The plan is controversial among those specializing in financial regulation. Some argue that it would be better – and cheaper for taxpayers – if officials waited to act until firms were entering bankruptcy.
But Bernanke argued that case-by-case intervention was not working. He cited concern on the part of other potential investors that if they invest in a bank, that the government's going to come in and take away their value."
Ms. Reinhart, who has studied the history of financial crises around the world, says one lesson of history is to act quickly. "The longer crises last, the bigger the bailout," she says. "Asset prices continue to decline, wealth continues to be destroyed, and … economic activity begins to reflect these developments."
Concerns stall plan
Still, the rush to pass a plan ran into hurdles starting Tuesday, as lawmakers and others raised concerns.
The Treasury plan does not necessarily preclude some of the alternatives proposed by experts, such as forcing banks to stop paying dividends (to raise capital) or for the government to inject capital in return for equity in banks. Paulson and Bernanke defend the asset-purchase plan as the best idea available, since doubts about the value of these assets lie at the heart of recent chaos.
Credit markets seemed to amplify the urgency, showing signs of continued and extreme stress. Banks are reluctant to lend to one another – normally a routine part of their business.
Against this climate of fear, a positive sign in recent days has been the arrival of some willing investors in financial firms. Mr. Buffett's move Tuesday made the biggest splash. Private equity investor J. Christopher Flowers got clearance from bank regulators to buy a Missouri bank. Mitsubishi UFJ is buying a 20 percent stake in Morgan Stanley. And Barclays bought parts of the failed Lehman Brothers investment bank.
To some economists, this raises questions of whether a big rescue is needed. Yet Barclays didn't move in for Lehman until the bad assets had been removed. Describing the conditions as an "economic Pearl Harbor," Buffett said, according to a Bloomberg news report Wednesday that his investment in Goldman is a vote of confidence in the Treasury's plan.
The Treasury's program must find prices for the assets it wants to buy. It has to pay a high enough price that banks come forward to sell them. But overpaying imposes high costs on the taxpayer.
And the assets are complex, which makes a fair price hard to determine. Paulson said he'll pursue "reverse auctions" in which sellers provide offer prices for the securities.

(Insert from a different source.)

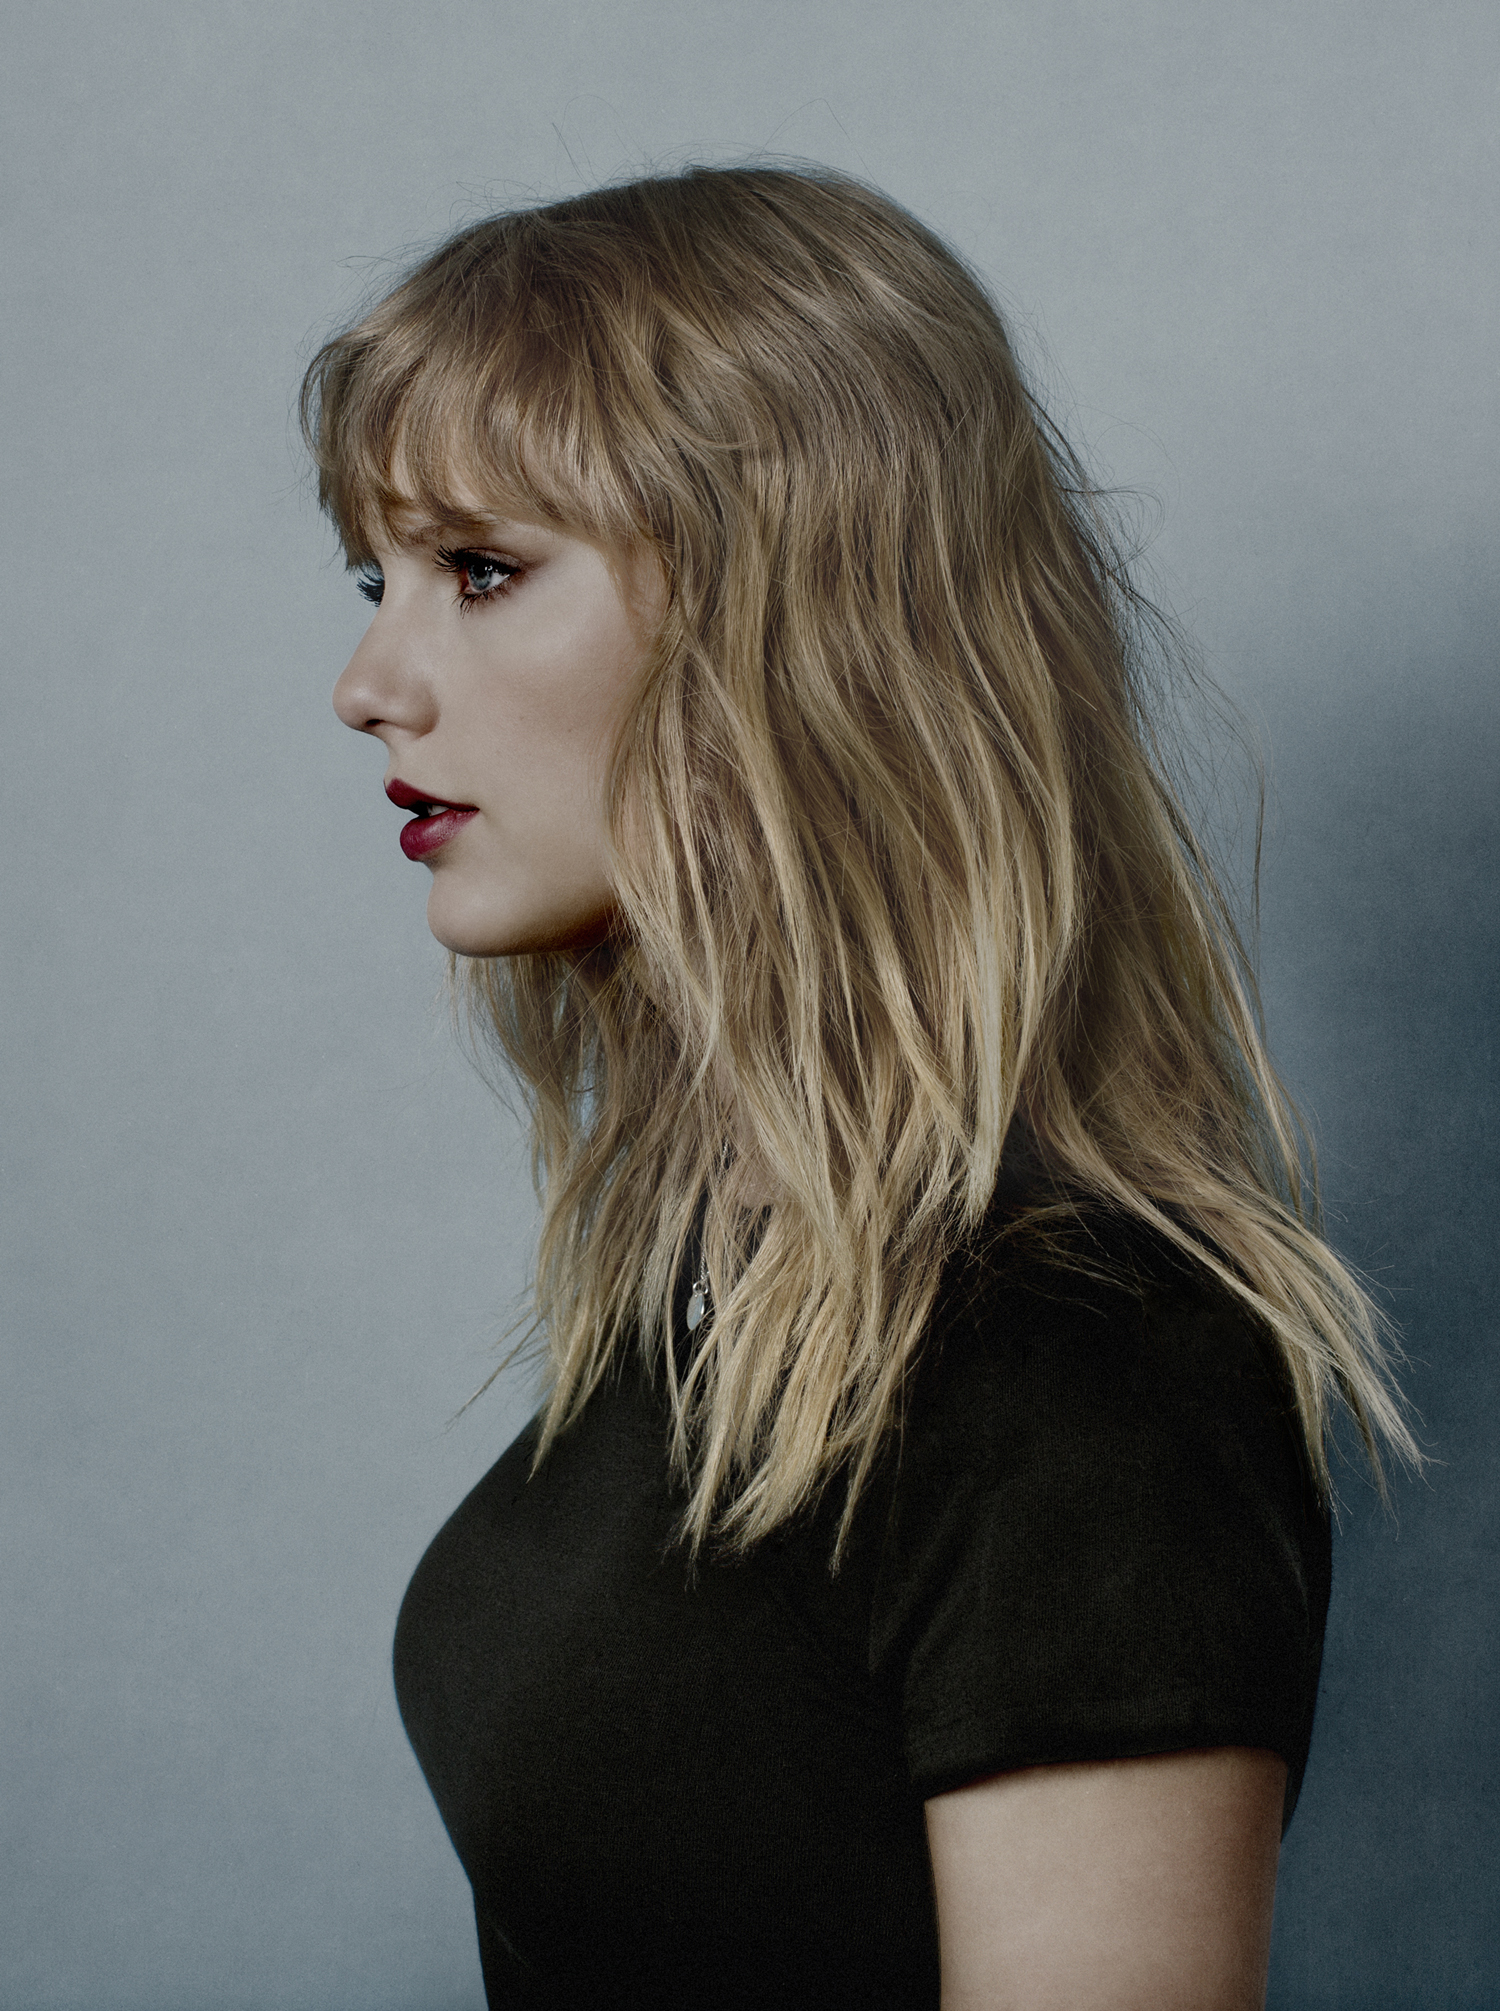 People 1500x2011 Taylor Swift women blonde singer blue eyes black top simple background profile lipstick

Brian Battle, vice president of Performance Trust Capital Partners, a bond trading firm based in Chicago, says the Treasury plan intends to gather up bad assets, and it will pay high enough prices to do so. "They're going to succeed" on that front, Mr. Battle says. But "does this cure the disease?"
The question, he says, is to what extent that will resolve the underlying problem of sagging home prices. The further home prices fall, the less the complex mortgage securities are worth.

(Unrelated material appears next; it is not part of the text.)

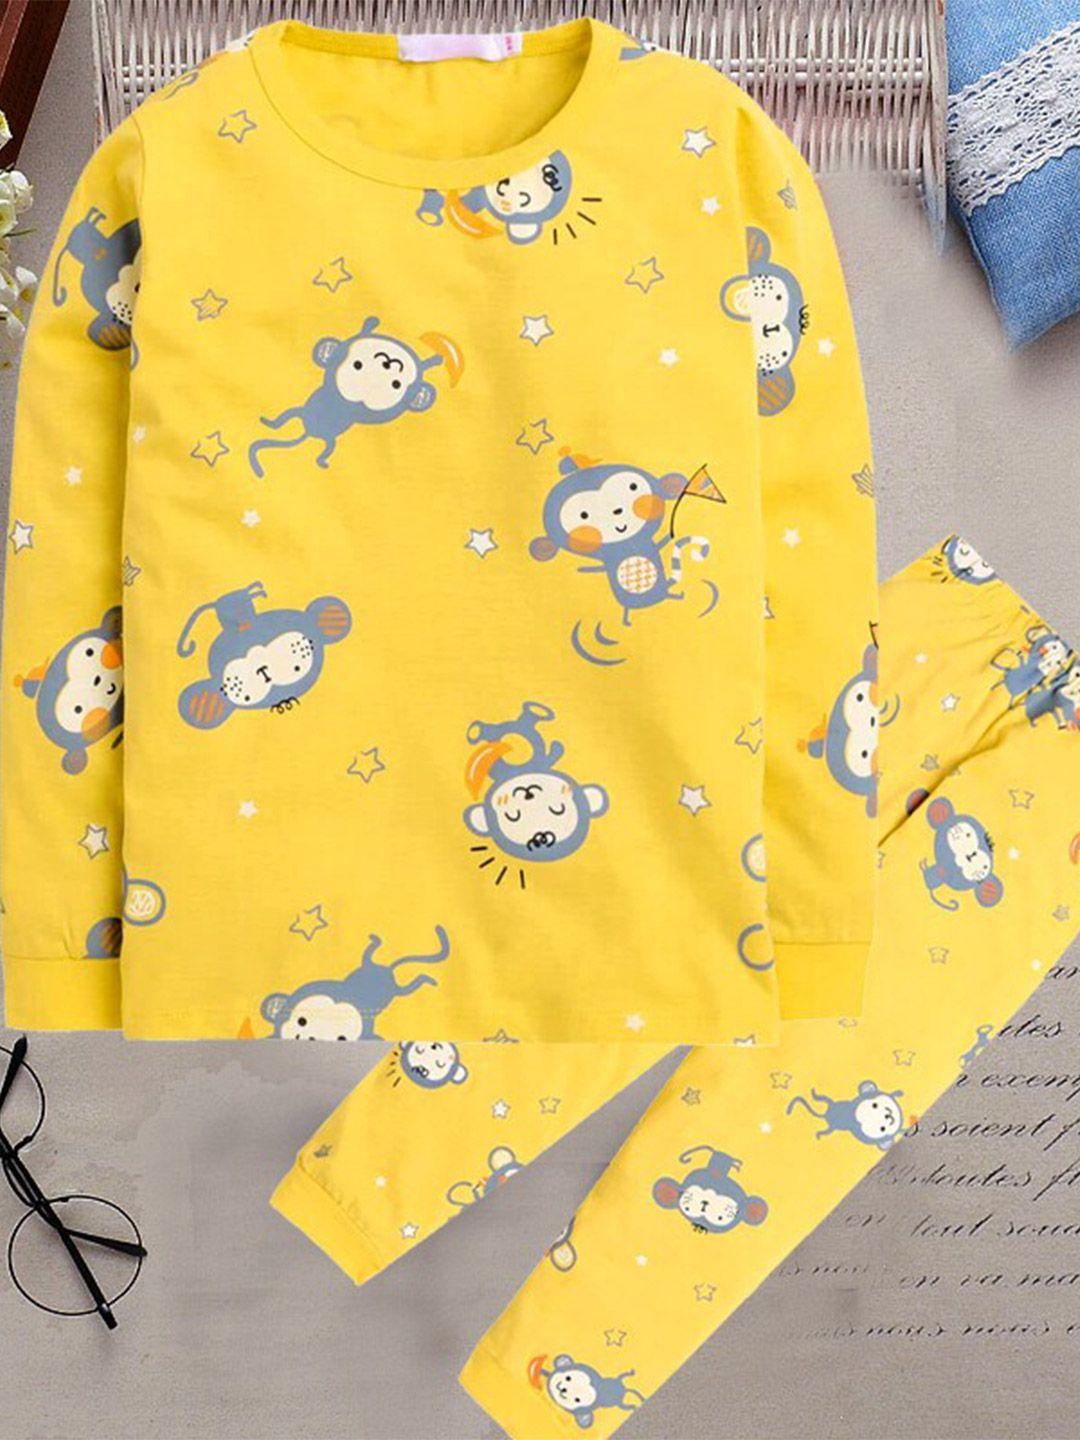 googo gaaga boys yellow & grey printed t-shirt with pyjamas

Some bond experts are optimistic that the Treasury's plan will not only ease financial stress but also make a profit for taxpayers. A team of bond analysts led by Laurie Goodman at the investment firm UBS, says the program "has a good chance of making money for the government."
But banks will still need to raise new capital. UBS analysts say the plan may "remove one major hurdle … [and] stop the downward spiral in the credit markets."